The Aspire Bun hosting integration enables you to run Bun applications alongside your other Aspire resources in the app host. Bun apps participate in the same service discovery, health checks, OpenTelemetry export, and Aspire dashboard support as the rest of your solution.

To access the Bun hosting APIs in your AppHost project, install the 📦 Aspire.Hosting.JavaScript NuGet package:

Aspire CLI — Додати пакет Aspire.Hosting.JavaScript
aspire add javascript

Aspire CLI інтерактивний; оберіть відповідний результат пошуку:

Aspire CLI — Приклад виводу
Select an integration to add:
> javascript (Aspire.Hosting.JavaScript)
> Other results listed as selectable options...

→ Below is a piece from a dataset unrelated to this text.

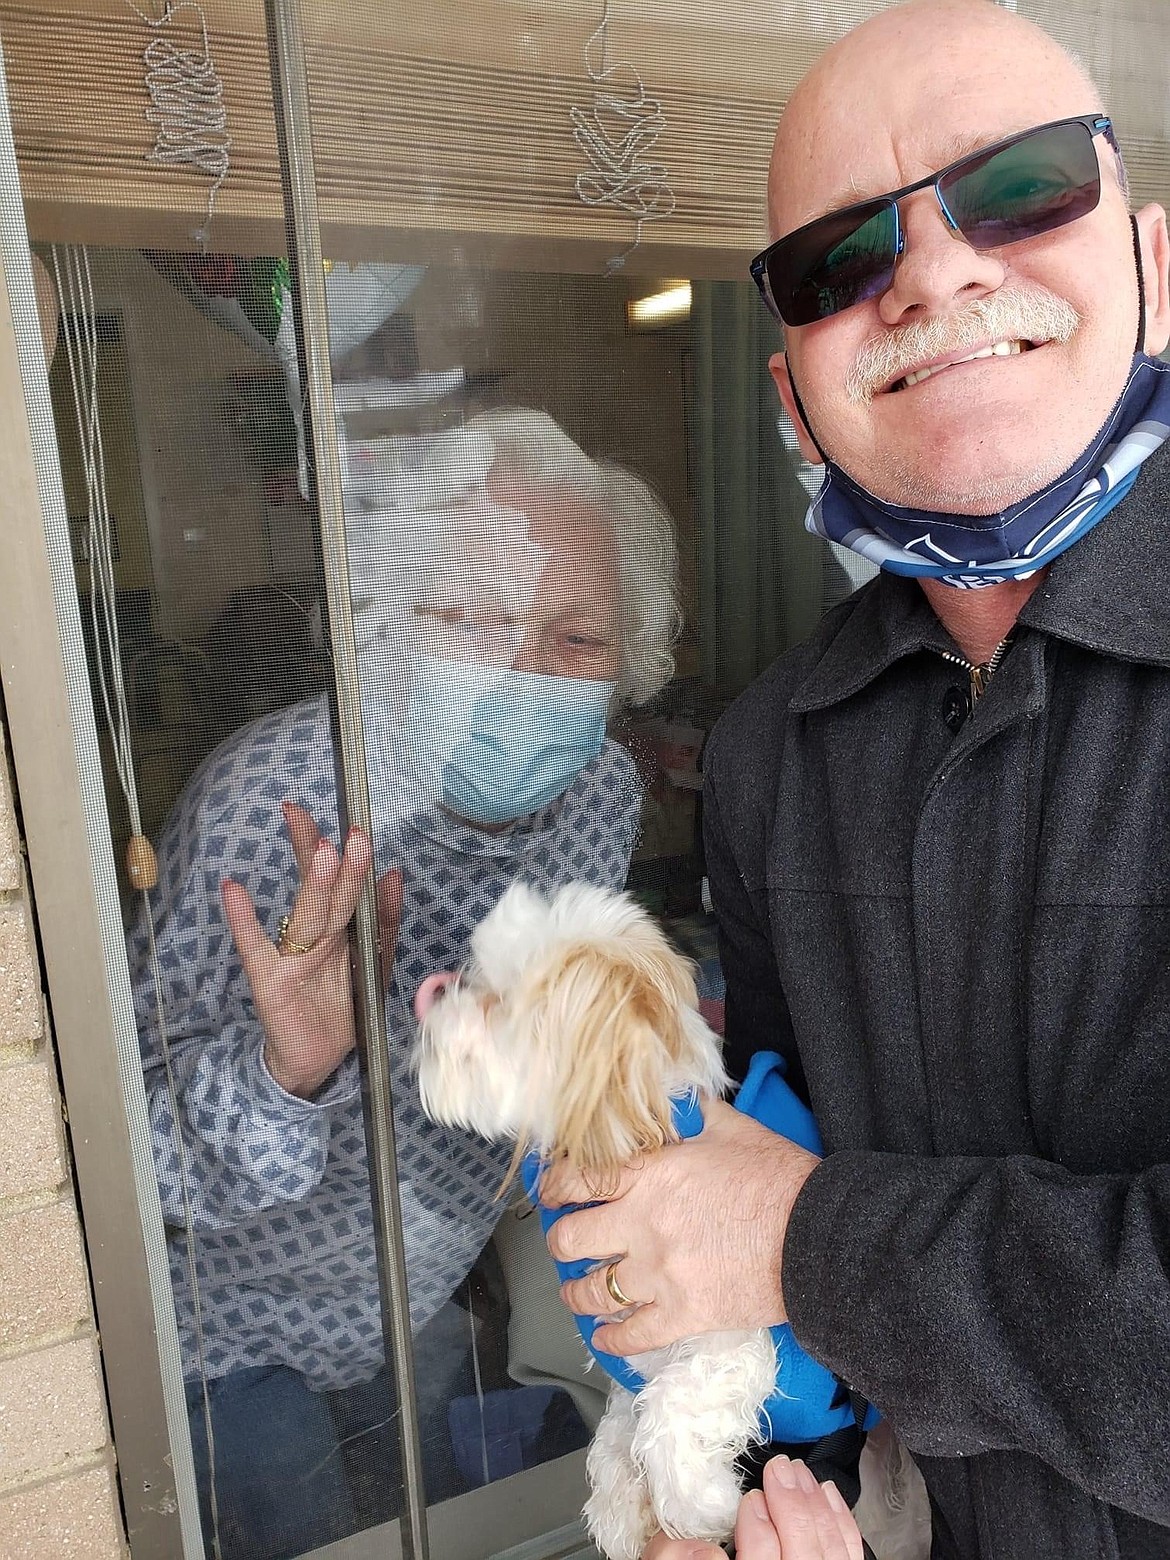 Steve Hanson of Coeur d'Alene and his dog, "Handsome Herbie Hanson," visit with his mom Dorla Johnson on Feb. 20 through the window at Mountain Valley of Cascadia in Kellogg.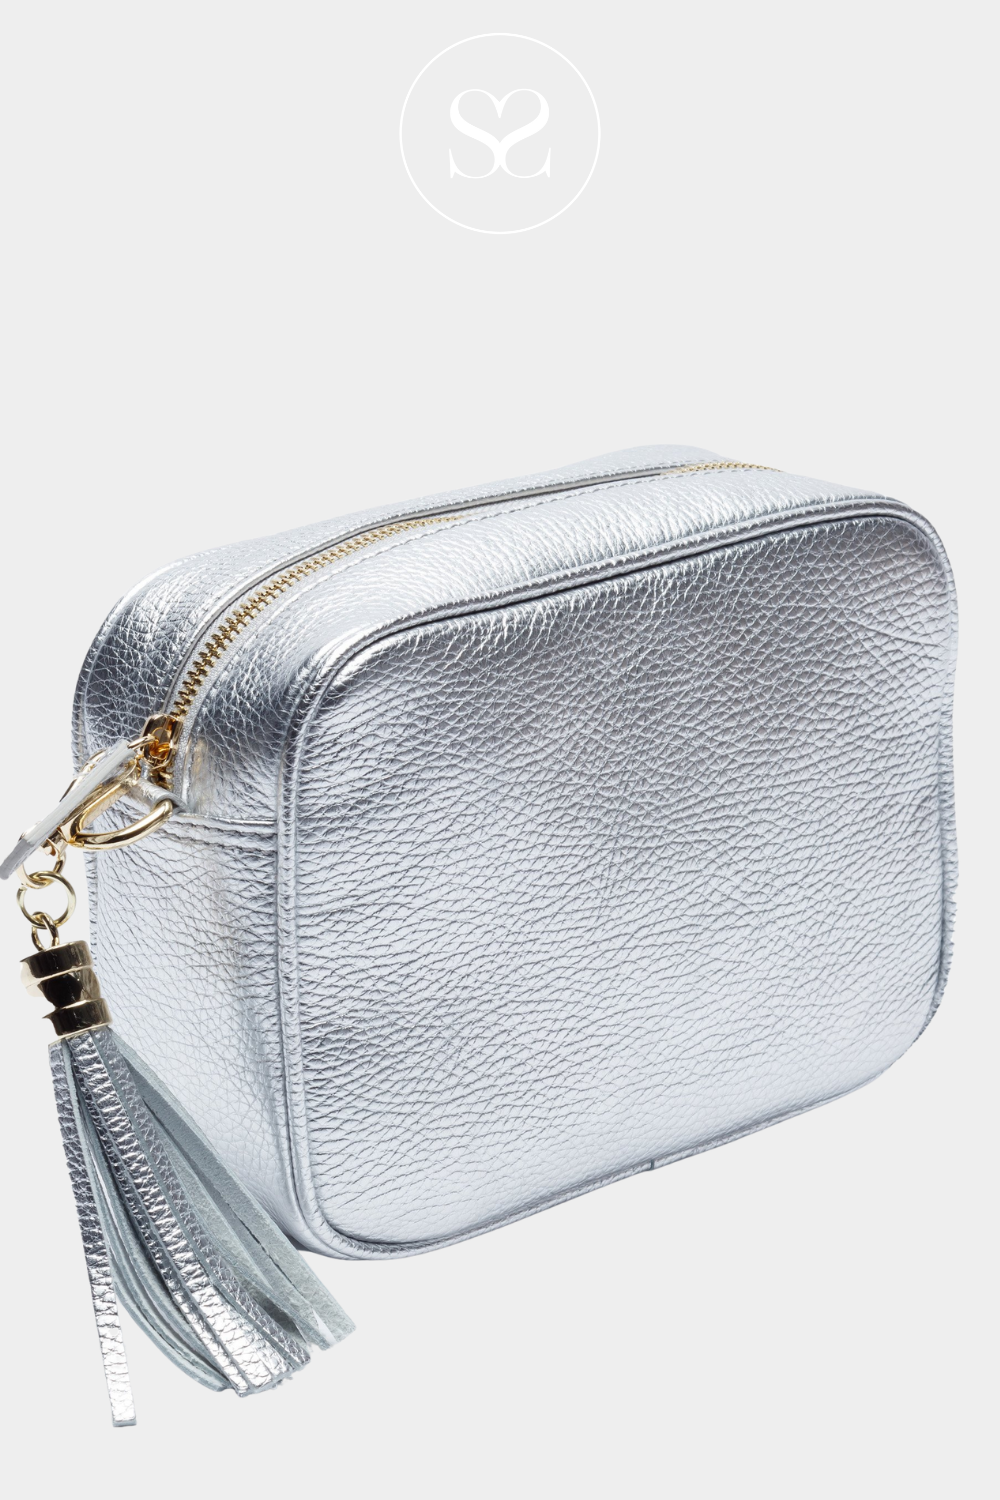 ELIE BEAUMONT SILVER CROSSBODY LEATHER BAG WITH TASSLE AND GOLD ZIP

Add a Bun application to your app host using the AddBunApp extension method:

C# — AppHost.cs
var builder = DistributedApplication.CreateBuilder(args);
var bunApp = builder.AddBunApp("bun-api", "../bun-app", "server.ts")
.WithHttpEndpoint(port: 3000, env: "PORT");
builder.AddProject<Projects.ExampleProject>("apiservice")
.WithReference(bunApp);
builder.Build().Run();

AddBunApp requires:

  • name: The name of the resource in the Aspire dashboard.
  • appDirectory: The path to the directory containing your Bun application, relative to the AppHost project.
  • scriptPath: The script to run relative to appDirectory, such as server.ts.

Pass a different scriptPath to run a different script:

C# — AppHost.cs
var builder = DistributedApplication.CreateBuilder(args);
var bunApp = builder.AddBunApp("bun-api", "../bun-app", "src/http/server.ts")
.WithHttpEndpoint(port: 3000, env: "PORT");
builder.Build().Run();

When your Bun app includes a package.json file, Aspire uses Bun as the package manager and installs packages automatically before the application starts.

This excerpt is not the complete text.